Fort McAllister, on the Great Ogeechee River, Ga., was this day bombarded by a fleet of iron-clad monitors and mortar-schooners, under the command of Captain Drayton; but, after an almost incessant fire of eight hours duration, they failed to reduce it.--(Doc. 129.)
John Maginnis, late editor of the New Orleans True Delta, died this day.--A grand review of the rebel forces at Mobile, Ala., took place this day, by Major-Generals Withers and Buckner, and Brigadier-Generals Slaughter and Cummins. After the review, four pieces of artillery captured at Murfreesboro, were presented by General Withers, on behalf of the Alabamians and Tennesseeans in the army of the Tennessee, to the army of Mobile. Each piece was inscribed with the names of Alabamians who fell in that battle.--Mobile Advertiser.
First Lieutenant Gilbert S. Lawrence was dismissed the service of the United States for saying in the presence of officers and civilians, “I have no confidence in General Hooker. Burnside was stuck in the mud, and he will be stuck worse;” and also for publicly declaring: “I want to get out of the service. I don't believe we will succeed. I am dissatisfied generally. Nobody but McClellan can command this army.” --New York Tribune.

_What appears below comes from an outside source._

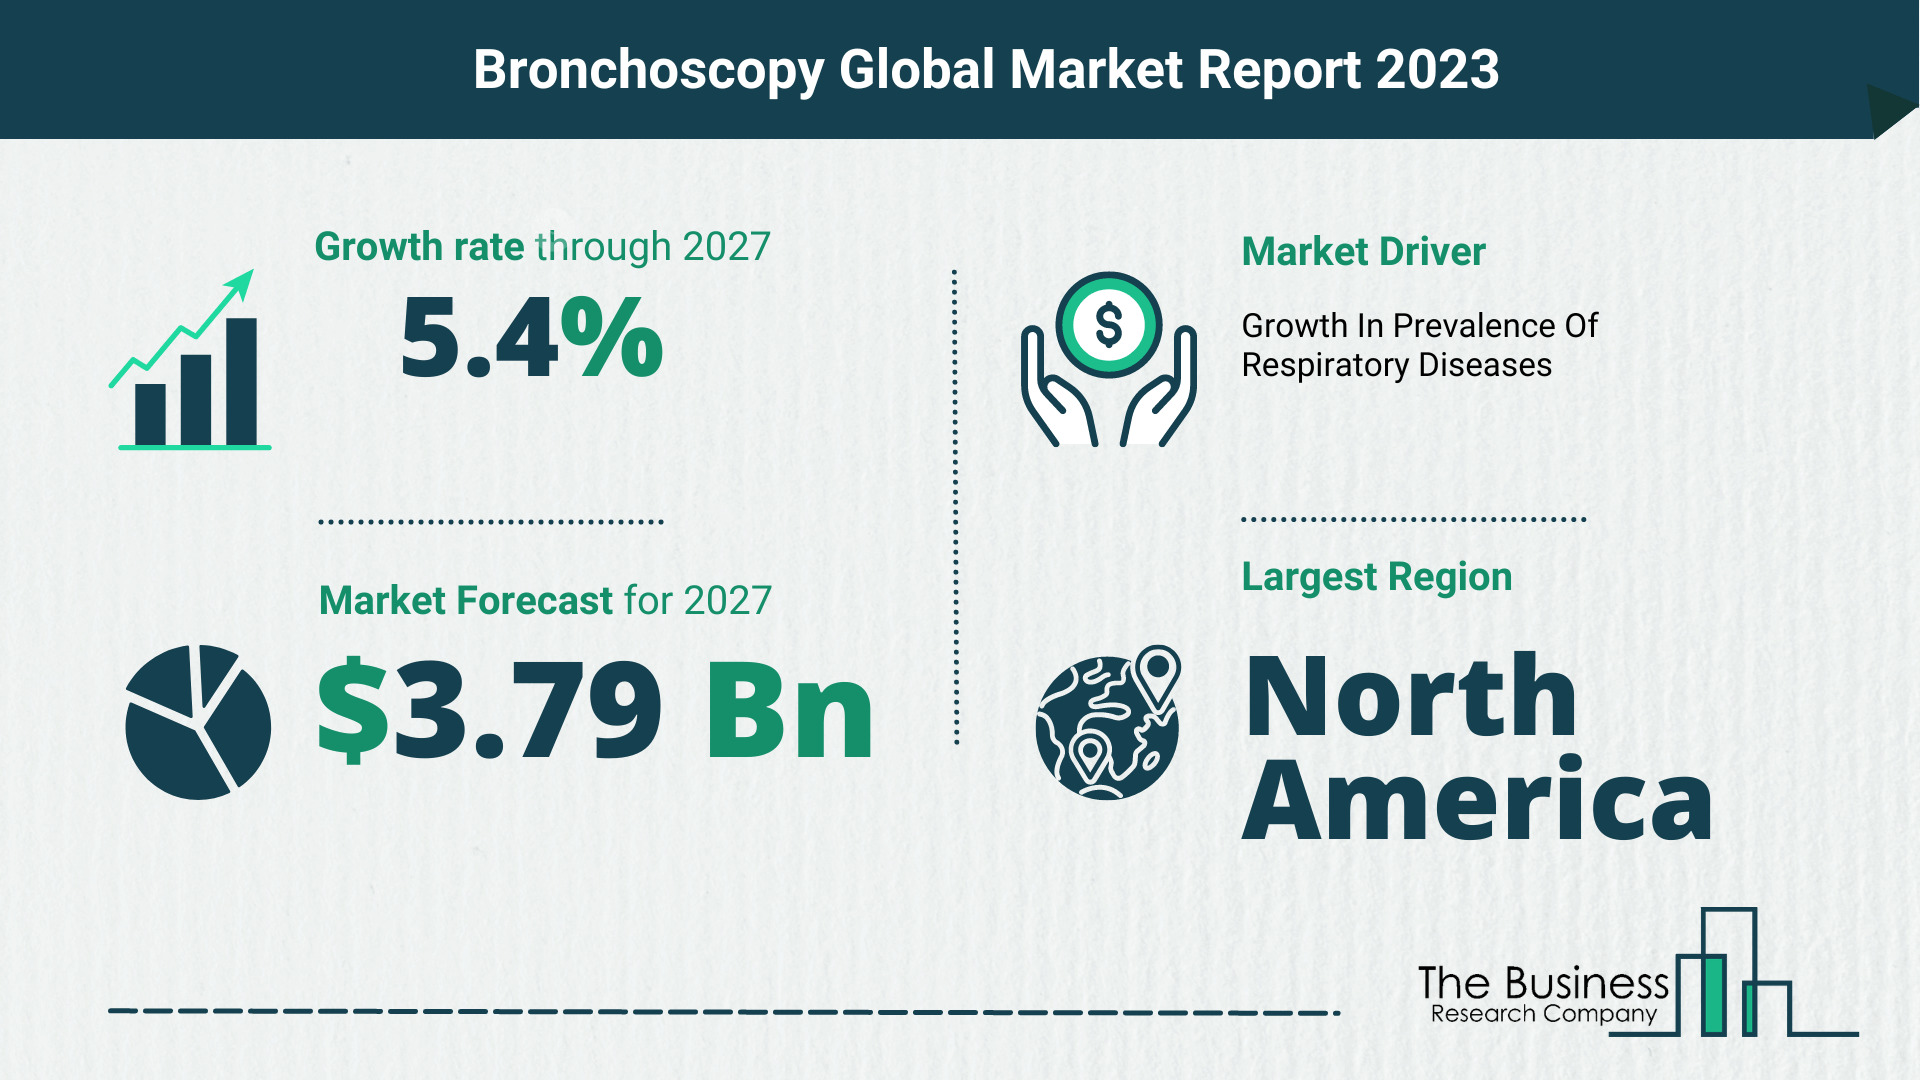 Global Bronchoscopy Market

The schooner Kingfisher was captured and burned by the rebel privateer Alabama in latitude 1° 20 “, longitude 26° 20” .--The Spanish sloop Relampago was captured at Charlotte Harbor, Fla., by the National blockading schooner, James S. Chambers.--The Southern Union, a journal published in Georgia, having proposed to reconstruct the old Union of the States, was reprimanded by the Atlanta Confederacy, which asserted that “there are fewer abolitionists in Massachusetts than reconstructionists in Georgia.”